Archmage taking Spell Power multiple times is dubious. The Hierophant's Spell Power ability includes the words "This ability can be selected more than once, and changes to effective caster level are cumulative" which the Archmage's lacks. 

The rest of it works as far as I can see though.

----------


## Anthrowhale

> Archmage taking Spell Power multiple times is dubious. The Hierophant's Spell Power ability includes the words "This ability can be selected more than once, and changes to effective caster level are cumulative" which the Archmage's lacks.

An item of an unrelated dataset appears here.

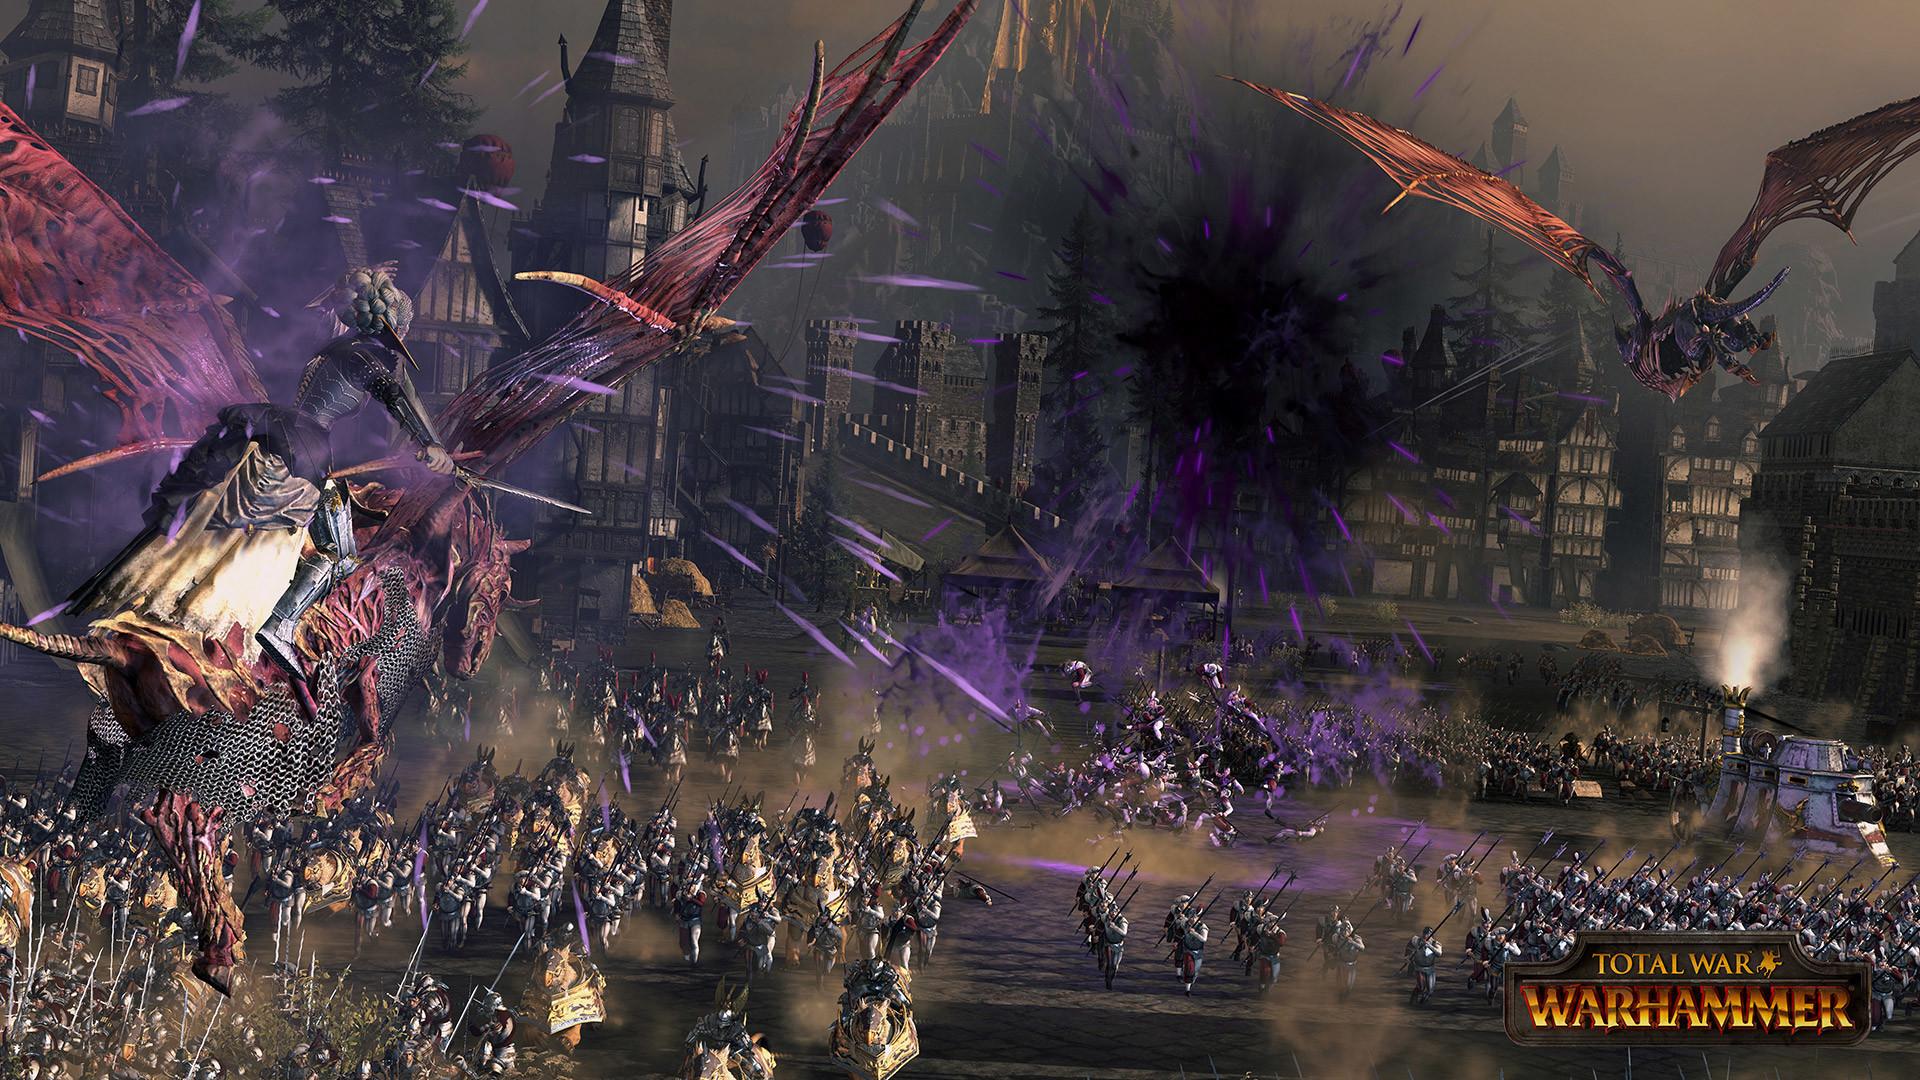 Total War: Warhammer HD Wallpapers Backgrounds Wallpaper 1920×1080 Total  War Warhammer Wallpapers (

Interesting, hadn't noticed that.

Is there a better way to use 5 levels to increase caster level?  (Without delaying spell access? and avoiding something setting specific?)

----------


## Rebel7284

> Interesting, hadn't noticed that.
> 
> Is there a better way to use 5 levels to increase caster level?  (Without delaying spell access? and avoiding something setting specific?)


I mean, Red Wizard is core so not necessarily setting specific anymore? Circle magic is the best way to improve caster level.

In general, caster level increases have been used to compensate for lost casting, sadly, so not a ton of classes give it as-is.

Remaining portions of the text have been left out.